If possible the government should start some programme for us to earn income, or build for us houses because we can no longer do anything,” pleads Daniel Ongwec, a father of two from Pader, still lying on the hospital bed.

Like Ongwec, other victims have children to look after.” How will our children grow up? Can’t the government pay school fees for our children?” ponders David Oola, a father of eight whose legs was chopped off from the knee.

As I talk with other patients outside the ward, two children draw my attention. One of them, a six-month-old girl called Caroline Aloyo is tugging at her mother’s dress. The mom has only one leg, the other having been chewed by a landmine.

The little girl was named Aloyo (an Acholi name meaning ‘ I have overcome it’) because the mother, Lucy Atuko was two months pregnant when the landmine hit her on her way to the garden last June. Now she is helpless, worn-out and desperate nothing more than a bleak future.

I don’t know what to do, and yet I have children to look after.

I cannot afford school fees and other necessities. The government should think of us,” she pleads, as she waits for her ‘new’ leg to be fixed.

The artificial limbs are made locally using materials from South Africa and Geneva. The cost of fixing an artificial leg is about 400 Euro (sh1m). But, thanks to AVSI the bill has been catered for
“A prosthesis can really change the life of a person, “ says Naggi, a psychotherapist. “ If they are helped, these people can cope with the disability and regain their dignity.”

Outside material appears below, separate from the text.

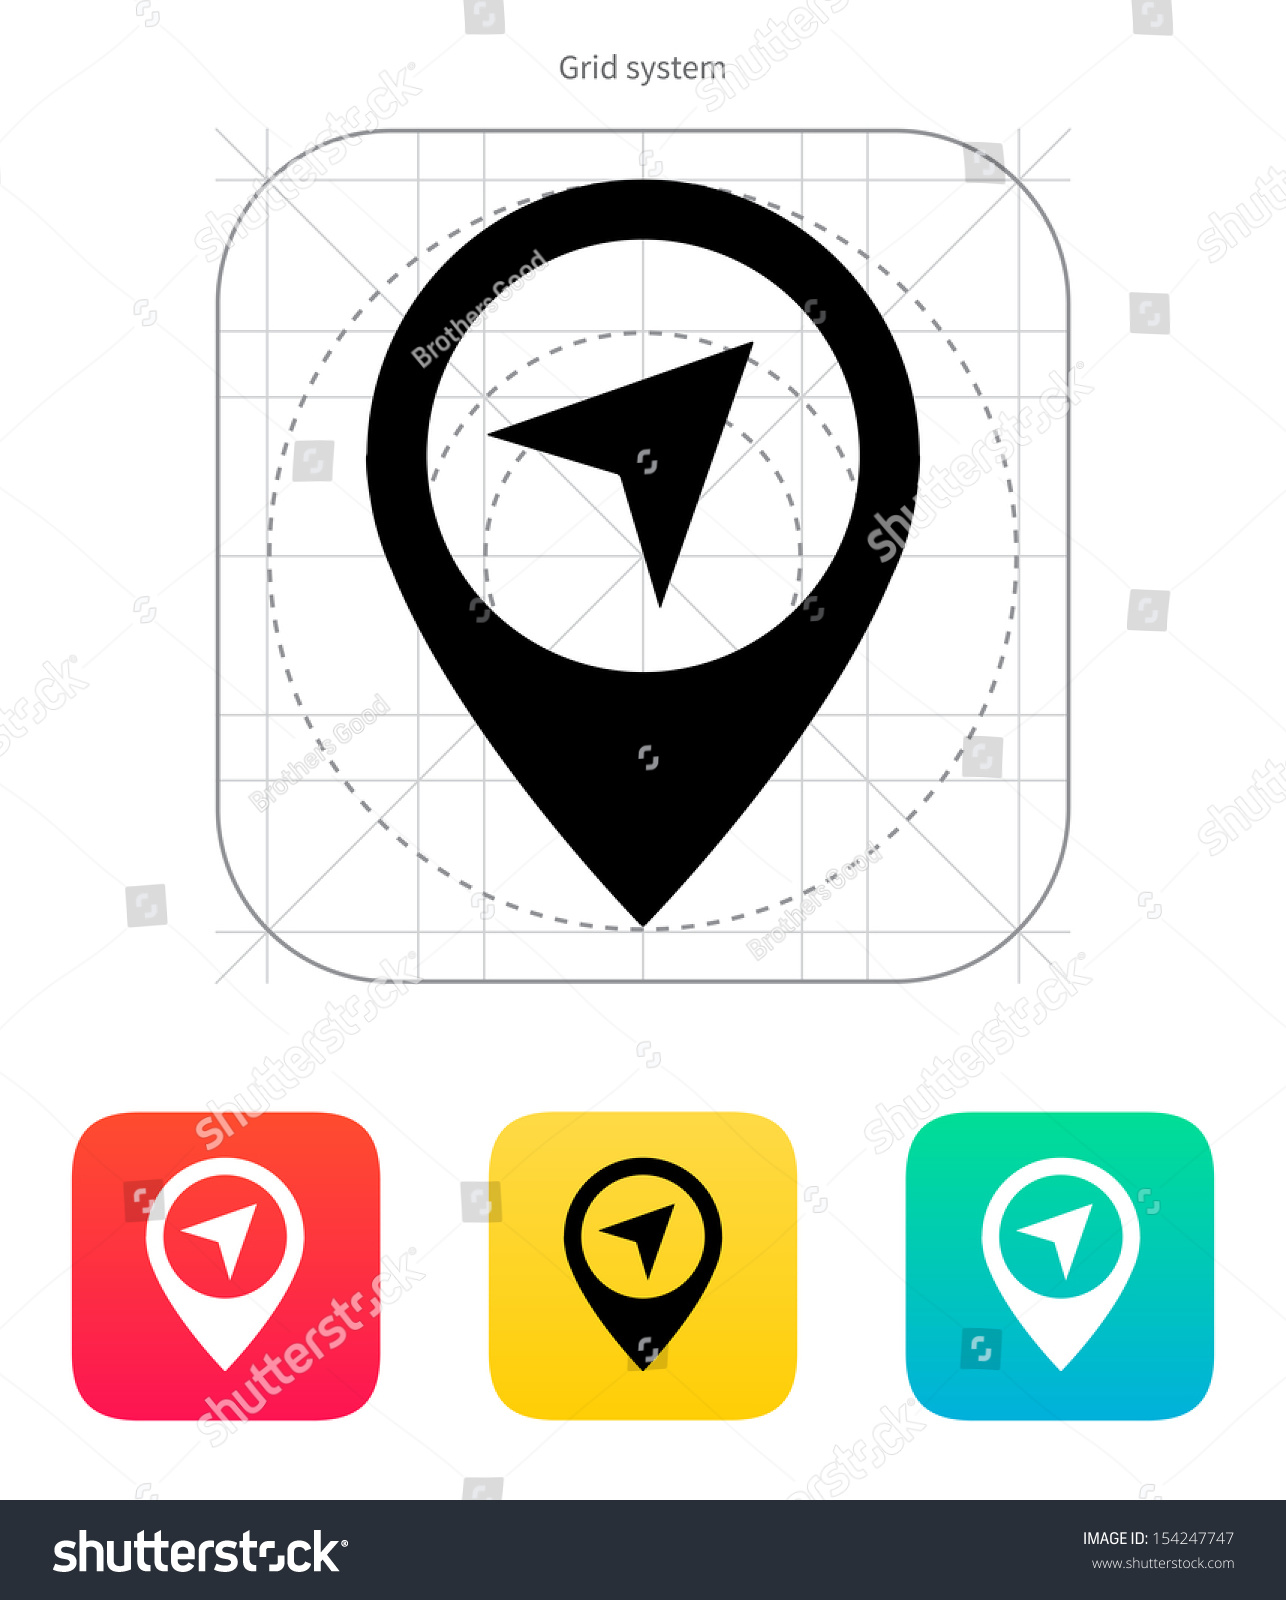 Point Icon On White Background. Vector Illustration. - 154247747

No doubt, AVSI is giving the landmine victims the chance to toddle. But they still have more cries than are being heard by the world.

Just as I was folding my notebook to move away, Jenty Anek, a sickly old woman seated on the veranda and leaning backwards against a pillar of the male ward raised her voice and asked, “What about me?”

I was touched and felt guilty for not talking to her. I had wrongly assumed that the eight sampled interviews could be representative, and probably reflect the needs of the other victims.

It was a mistake; the old woman had her side of the story.

“Look! I don’t walk any more. With all the orphans I have, what does the government think about us?”

pleads Anek, pointing at her amputated leg.

All but a few of the bleeding hearts!

Behind them are thousands other victims in northern Uganda whose lives have been effectively knocked off the road by those who wield the gun of terror.